Should we use language and formulations that have academic currency, but that
may be inaccessible or completely unappealing to nonacademic readers? How
much musical transcription or formal musical exegesis is too much for a reader
not trained in musical notation? Alternatively, do we have too little transcription
and formal analysis to appeal to those in musicology and music theory? We need
to think strategically about the venues we choose and the voices we use.
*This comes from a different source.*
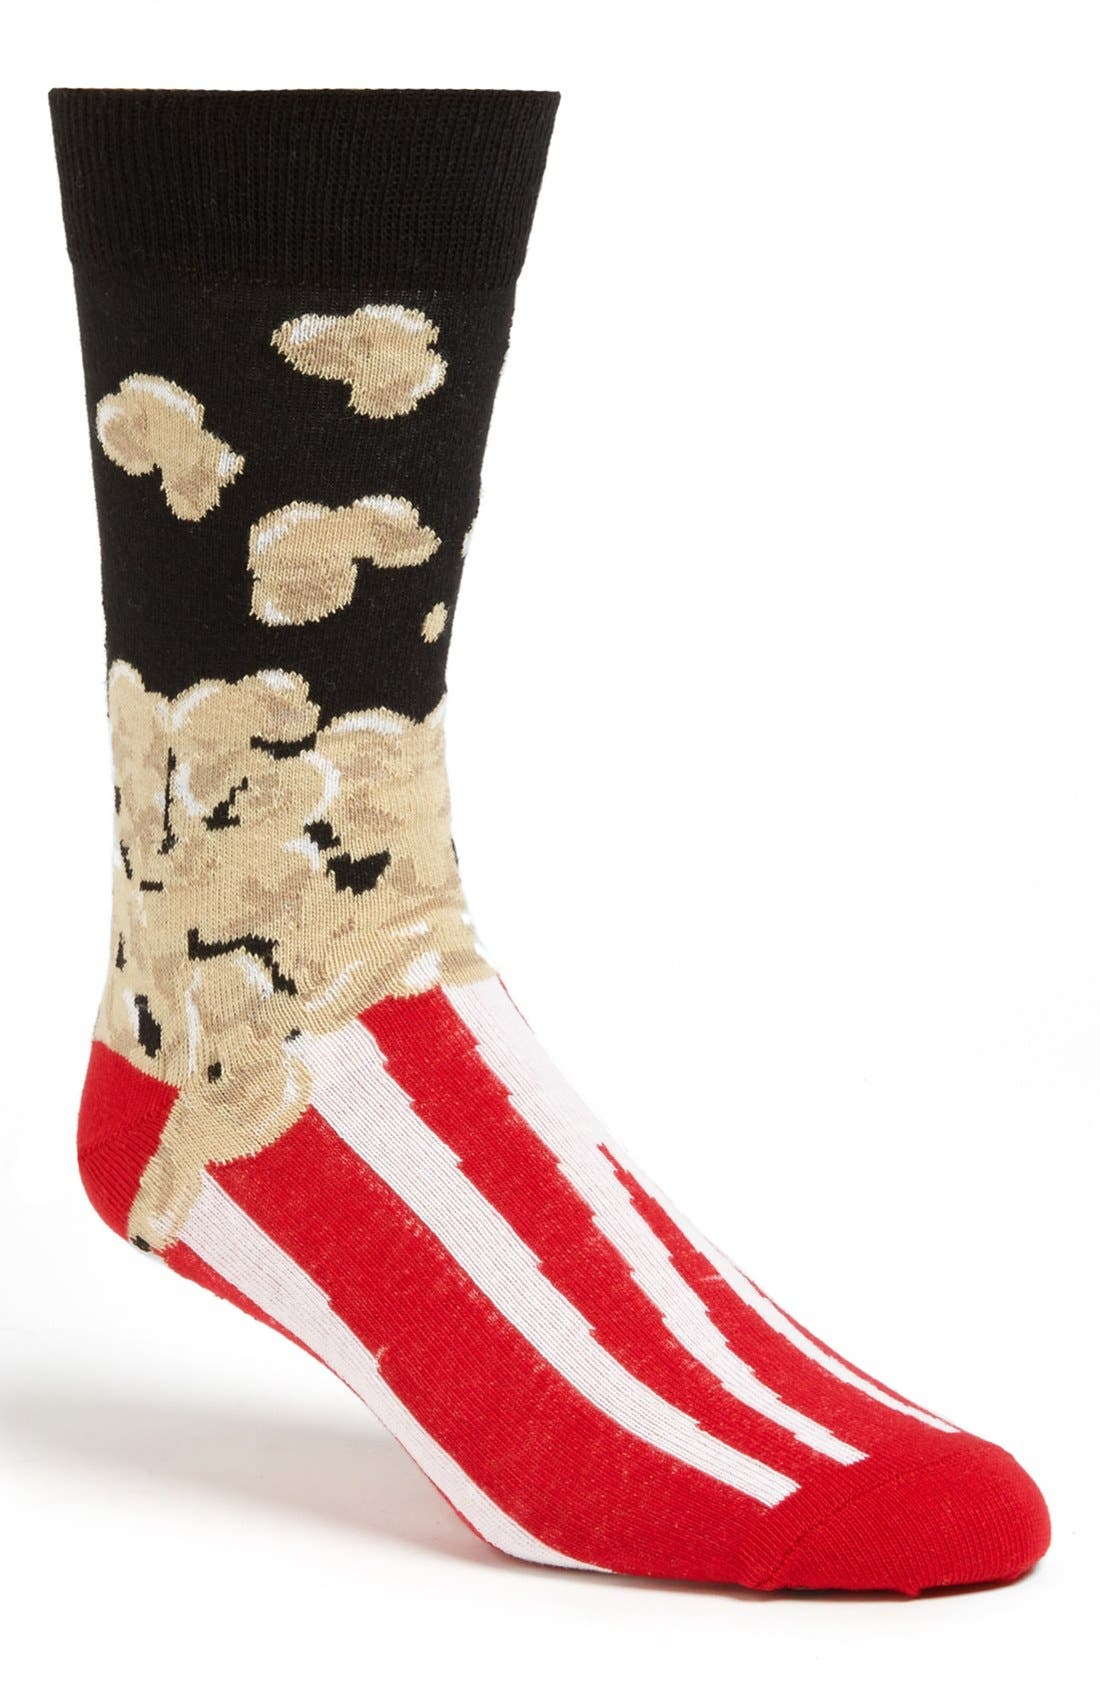 Alternate Image 1 Selected - Topman Popcorn Box Socks

This joint conference of the Society for Ethnomusicology, the American
Musicological Society, and the Society for Music Theory is a significant step to-
ward forging connections among music studies scholars. It would be interesting
to consider a joint venture with anthropologists, performance studies scholars,
and ethnic and regional studies scholars who share our interests in the cultural
politics of music and expressive culture. Through these encounters, we could
continue the processes that Berger has initiated here by convening this panel:
taking stock of the field, listening to others from within ethnomusicology and
beyond, and thinking about where we might go as we study the pleasures and
politics of music-making.

Notes
1. Cultural anthropologist Lila Abu-Lughod (1990) coined this term to describe the tendency
in resistance studies to overstate the resistance of subordinated groups.
2. Studies by African American feminist ethnomusicologists Kyra Gaunt (2006) and Eileen
Hayes (2010) of black women’s cultural productions demonstrate the power of ethnographic rep-
resentation to challenge limited ideas about African American culture and identity.